Постепенно на нее обратили внимание веселые молодые люди из «Пионерской зорьки», каждое утро они выпускали в эфир двадцатиминутную передачу с бодрыми песнями, детскими письмами, «сюжетами» – в такой-то школе создали музей фронтовой славы, пятый «Б» взял шефство над верблюдом в зоопарке, тра-ля-ля, тра-ля-ля. Послушай, сказал однажды Валерий Иванович, не хочешь попробовать?
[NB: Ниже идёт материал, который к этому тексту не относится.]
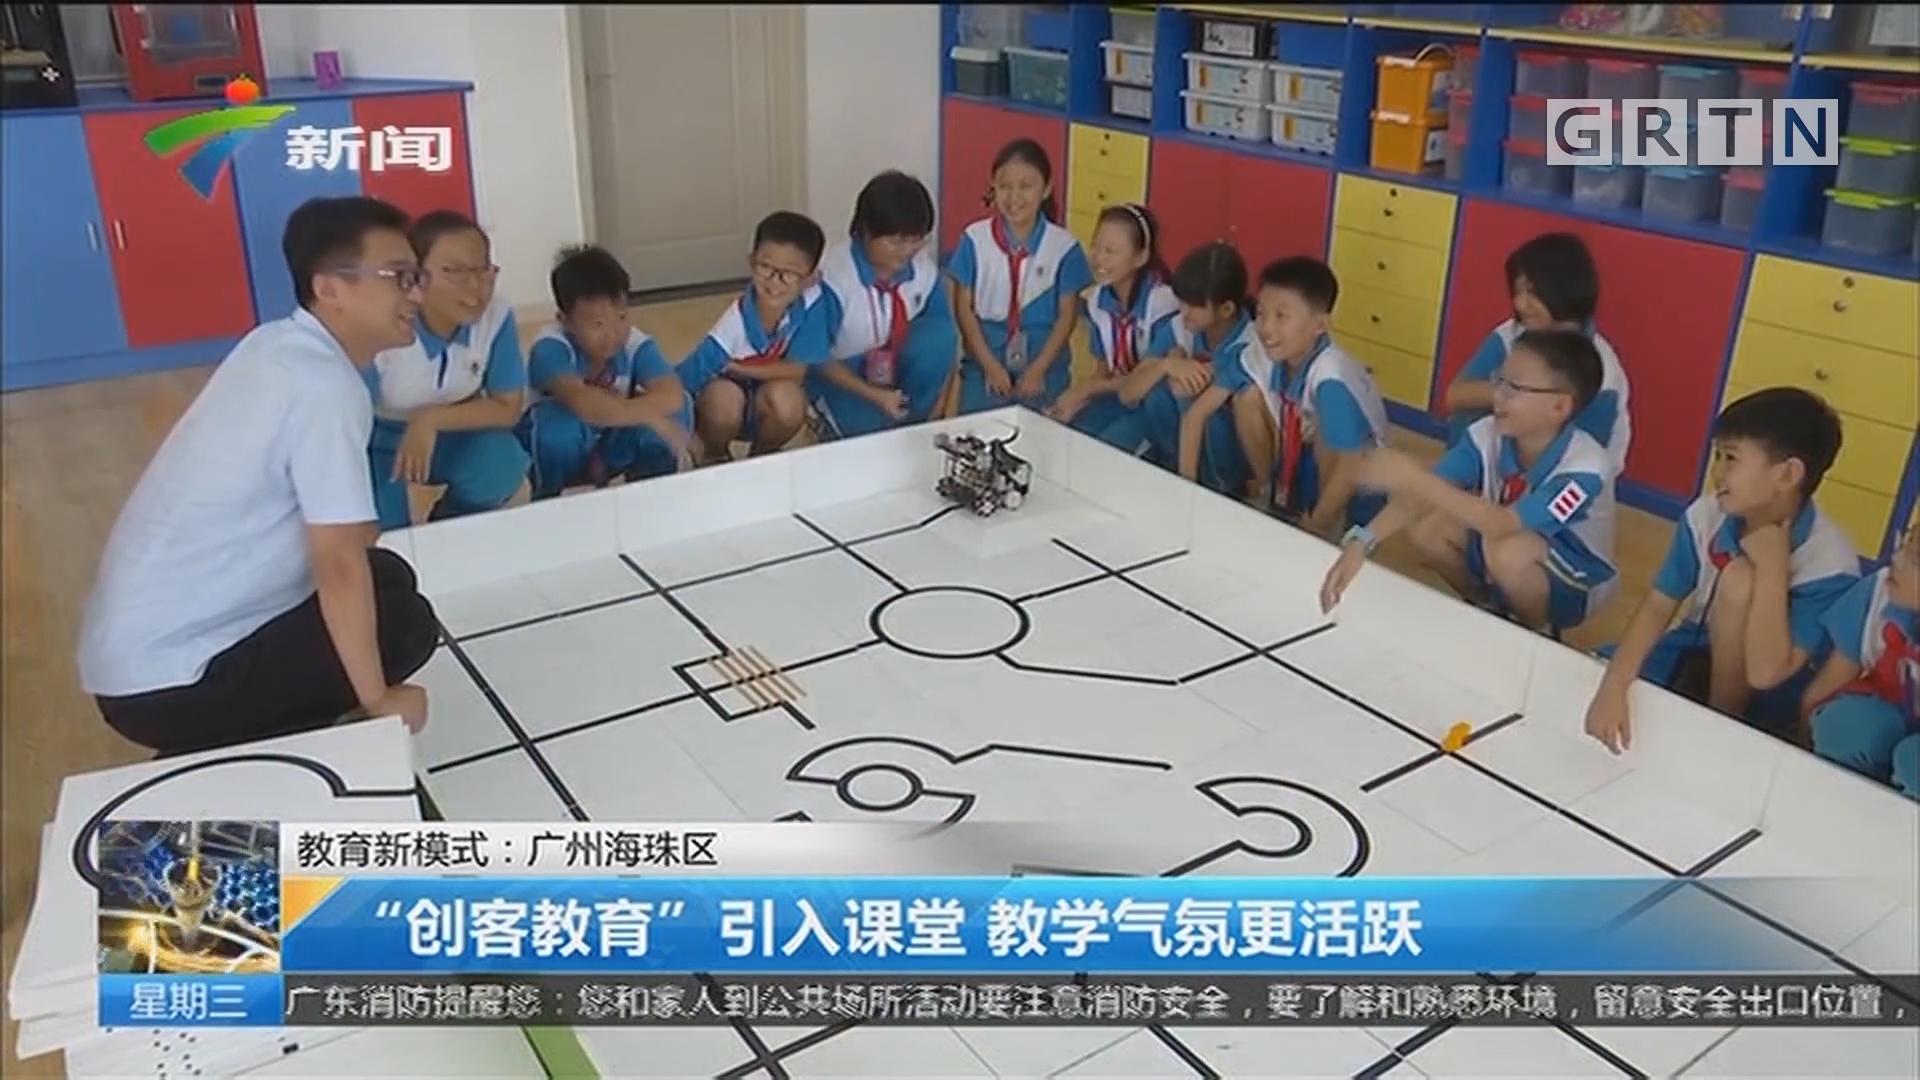 """教育新模式:广州海珠区 """"创客教育""""引入课堂 教学气氛更活跃"""

Она взяла магнитофон, долго разбиралась, как включать, как выключать, и, невероятно волнуясь, потащила магнитофон на задание: там нужно было описать в «звуковых картинках» жизнь городского пионерского лагеря при каком-то парке культуры и отдыха, магнитофон был дико тяжелый, она долго ехала, с пересадками на автобусе, потом сидела в окружении детей и вожатых, каких-то теток с завода, и слушала всякий бред про комплексные планы и соревнование отрядов, за забором парка с воем проносились грузовики, рядом опять была стройка, она жутко боялась, что запись испорчена, что на нее будут орать, но пленку в тот же вечер взяли в работу: передачу делали с колес, быстро склеили, получилось неплохо. Наутро она слушала свой голос по радио, мучительно краснея, и мама внимательно на нее смотрела. Но ей не захотелось «выходить в эфир» – ей больше нравилось смотреть из-за стеклянной стены, как записывали сказки или какие-нибудь викторины. На нее порой внимательно посматривал Владимир Винокур, заменивший в «Радионяне» уехавшего в Израиль Левенбука, намечалось прямо-таки знакомство. Валерий Иванович из «Пионерской зорьки» однажды попросил ее сходить за тортом, у заместителя главного редактора был юбилей: все купили, а тортик забыли. Она помчалась в гастроном на площади Восстания, сжимая в кармане три рубля, вернулась, когда все уже кончилось, но к чаю как раз успела, и когда она шла, уже в полумраке, в десятом часу вечера, по коридору, с ней вдруг что-то случилось – она встала как вкопанная.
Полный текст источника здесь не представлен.